9

I am trying to retrieve a File or InputStream instance from PDDocument without saving a PDDocument to the file system.

 PDDocument doc= new PDDocument(); 
 ...     
 doc.save("D:\\document.pdf"); 
 File f= new File("D:\\document.pdf"); 

Is there any method in PDFBox which returns File or InputStream from an existing PDDocument?

Franz Kafka
  • 10,623
  • 20
  • 93
  • 149
Milos Gavrilov
  • 446
  • 1
  • 5
  • 15

4 Answers4

10

I solved it:

PDDocument doc=new PDDocument();        
PDStream ps=new PDStream(doc);
InputStream is=ps.createInputStream();
Franz Kafka
  • 10,623
  • 20
  • 93
  • 149
Milos Gavrilov
  • 446
  • 1
  • 5
  • 15
  • 3
    This "solution" does not make any sense. I doubt any of the up-voters has actually tested it, nor do they seem to know PDFBox. E.g. the JavaDocs of the `public PDStream(PDDocument document)` constructor describe the `document` parameter as *The document that the stream will be part of.* So `ps=new PDStream(doc)` merely creates a new (empty) PDF stream *inside* the document, *not* a stream *containing* the document. – mkl Apr 09 '18 at 09:05
  • Maybe it helps: https://stackoverflow.com/questions/11593116/using-pdfbox-how-do-i-retrieve-contents-of-pddocument-as-a-byte-array/17656461#17656461 – mkczyk Feb 10 '20 at 11:27
5

I solve it in this way ( It's creating a file but in temporary-file directory ):

final PDDocument document = new PDDocument();
final File file = File.createTempFile(filename, ".pdf");
document.save(file);

and if you need

document.close();
1

What if you first create the outputstream

PDDocument doc= new PDDocument(); 
File f= new File("D:\\document.pdf");
FileOutputStream fOut = new FileOutputStream(f);  
doc.save(fOut); 

Take a look at this http://pdfbox.apache.org/apidocs/org/apache/pdfbox/pdmodel/PDDocument.html#save(java.io.OutputStream)

fGo
  • 1,146
  • 5
  • 11
  • The problem is that I don't want to create a file on my file system, I want to put this pdf file directly in Alfresco repository...do you have any idea how can I do this? – Milos Gavrilov Jun 03 '13 at 10:16
  • @MilosGavrilov and what protocol does alfresco support to do this transfer? Because as soon as you get an outputstream to write to you are good to go – fGo Jun 03 '13 at 10:35
  • 1
    this does not answer the question as it gets the stream from a file on the computer. – william.eyidi Jul 07 '15 at 15:05
0

I am trying to retrieve a File or InputStream instance from PDDocument without saving a PDDocument to the file system.

[...]

Is there any method in PDFBox which returns File or InputStream from an existing PDDocument?

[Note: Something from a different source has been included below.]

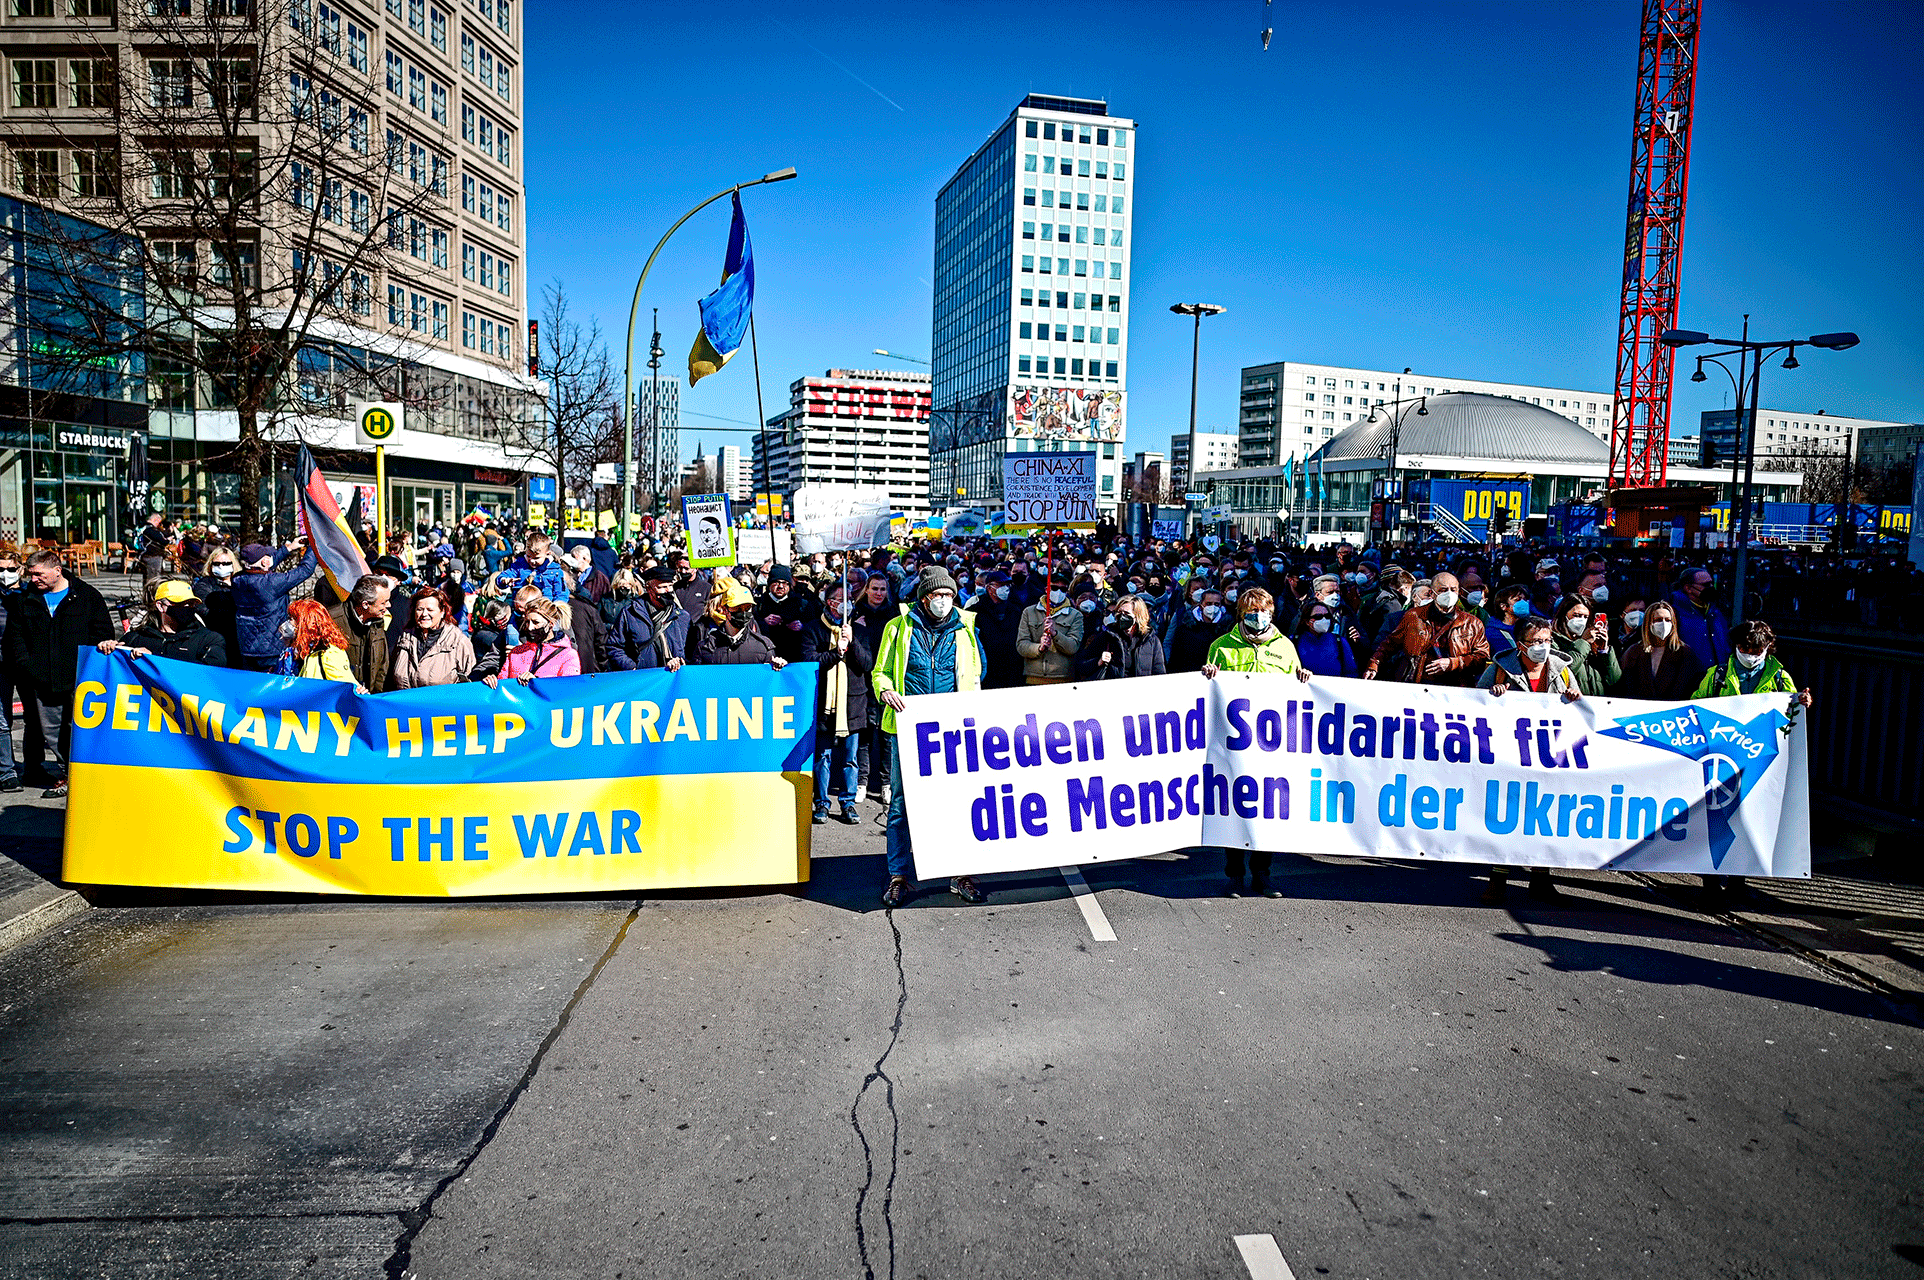 ludzie uczestniczą w "Zakończyć wojnę!  Pokój i solidarność dla narodu Ukrainy" Demonstracja w Berlinie, Niemcy, niedziela, 13 marca 2022 r.
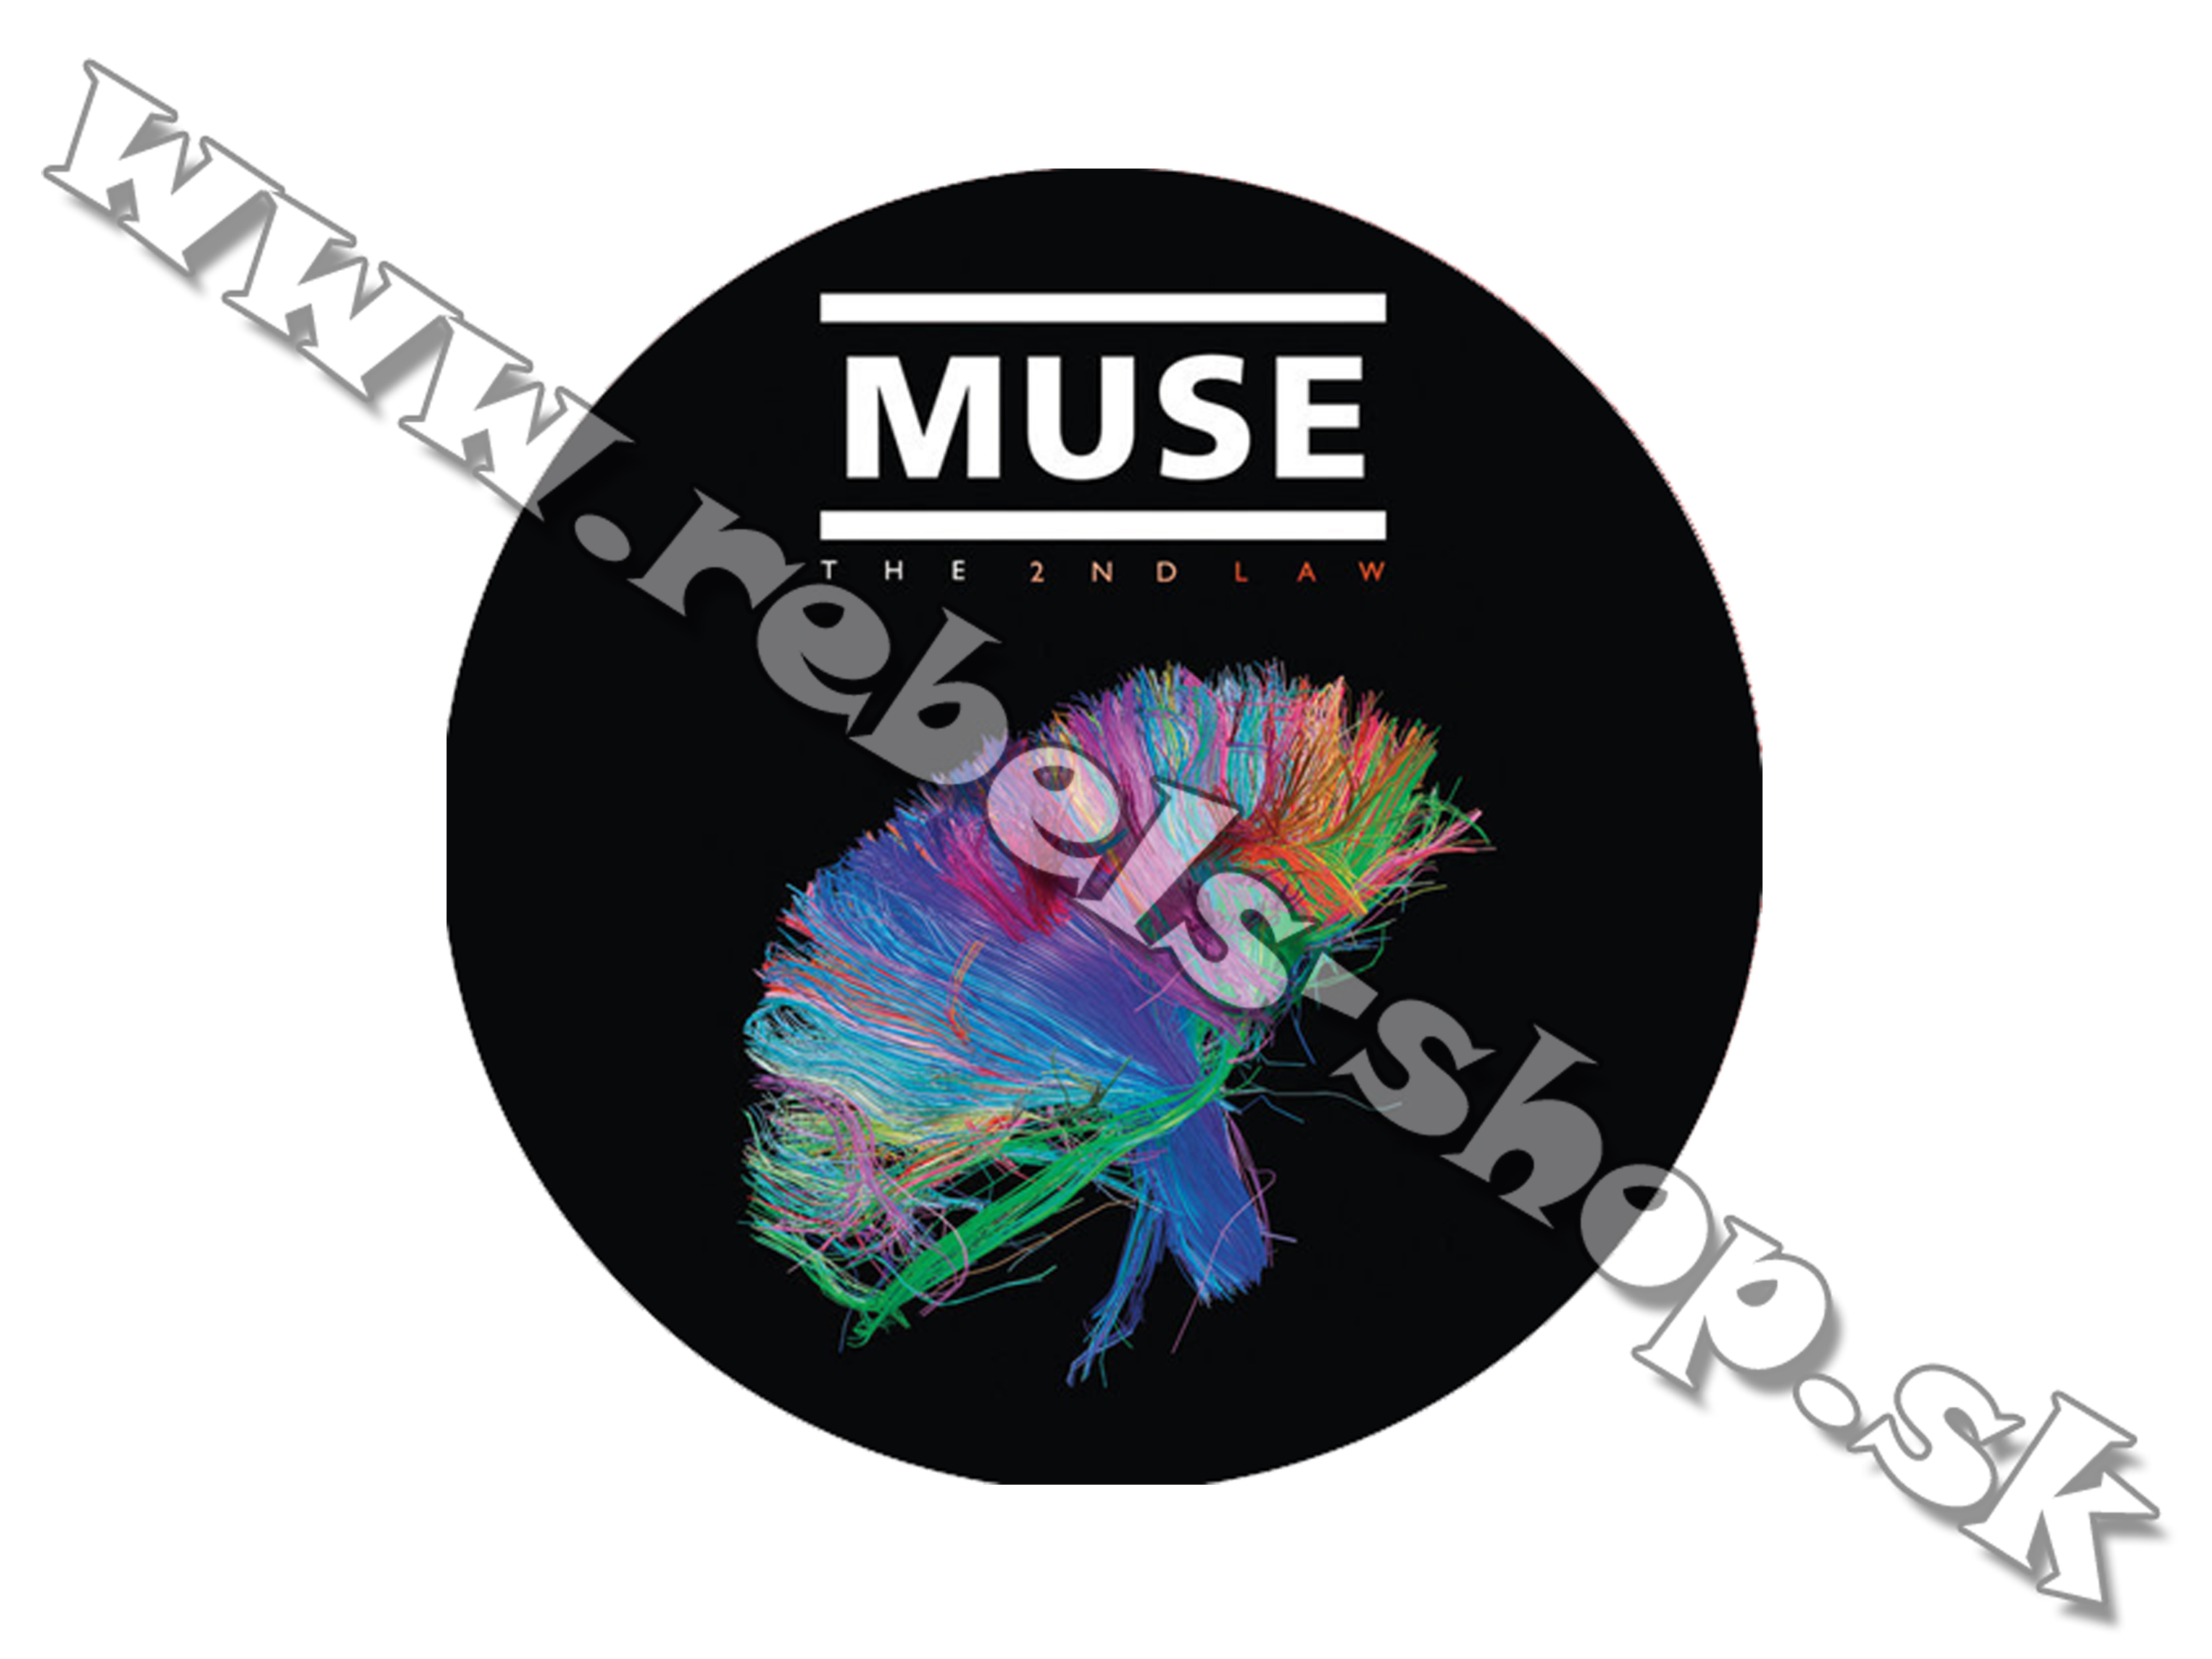 Odznak "Muse"

Obviously PDFBox cannot return a meaningful File object without saving a PDDocument to the file system.

It does not offer a method providing an InputStream directly either but it is easy to write code around it that does. e.g.:

InputStream docInputStream = null;

try (   ByteArrayOutputStream baos = new ByteArrayOutputStream();
        PDDocument doc = new PDDocument()   )
{
    [...]
    doc.save(baos);
    docInputStream = new ByteArrayInputStream(baos.toByteArray());
}
Community
  • 1
  • 1
mkl
  • 90,588
  • 15
  • 125
  • 265